Absolutely true! Potassium levels are critical to achieving high brix and getting the "shine" on the leaves and the terps, etc. And generally speaking that means keeping them lower than they are.

One of the reasons the 3rd run soil is kinda special is because the prior two grows helped drop K levels a bit.

Ditto on Calcium and taste. It really has to be experienced to properly appreciate, as you know!
 
Drench Calculator:
Drench_Calculator.jpg

The quoted picture above is well worth being reposted, for anyone just that is starting out and hasn't, yet, read the entire thread.

For anyone seeking to recreate the spreadsheet calculator above. When entering the formulas shown use "B1*B2/50" instead of what is shown. Using b1*b2/50 allows for one table rather than two.
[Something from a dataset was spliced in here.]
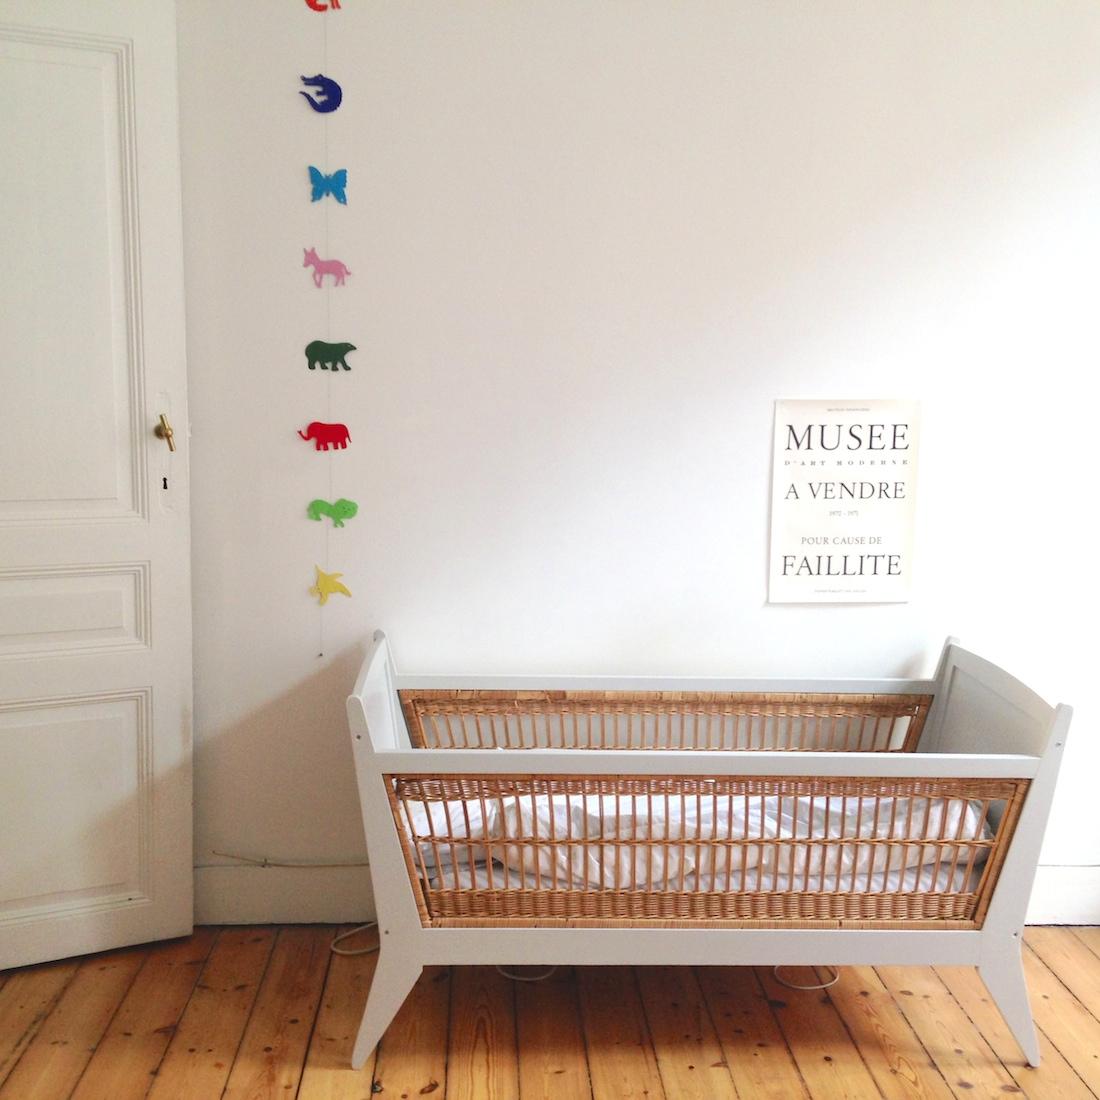 lit b b rotin et bois la maison bruxelloise. Black Bedroom Furniture Sets. Home Design Ideas

The second table in the picture is to show the duplicated formula for rows b11 and b12.

The original posting of the Drench Calculator originally developed by Major PITA
 
The quoted picture above is well worth being reposted, for anyone just that is starting out and hasn't, yet, read the entire thread.

For anyone seeking to recreate the spreadsheet calculator above. When entering the formulas shown use "B1*B2/50" instead of what is shown. Using b1*b2/50 allows for one table rather than two. The second table in the picture is to show the duplicated formula for rows b11 and b12.

The original posting of the Drench Calculator originally developed by Major PITA

Worthy of a repost,, thanks Golden and Major!!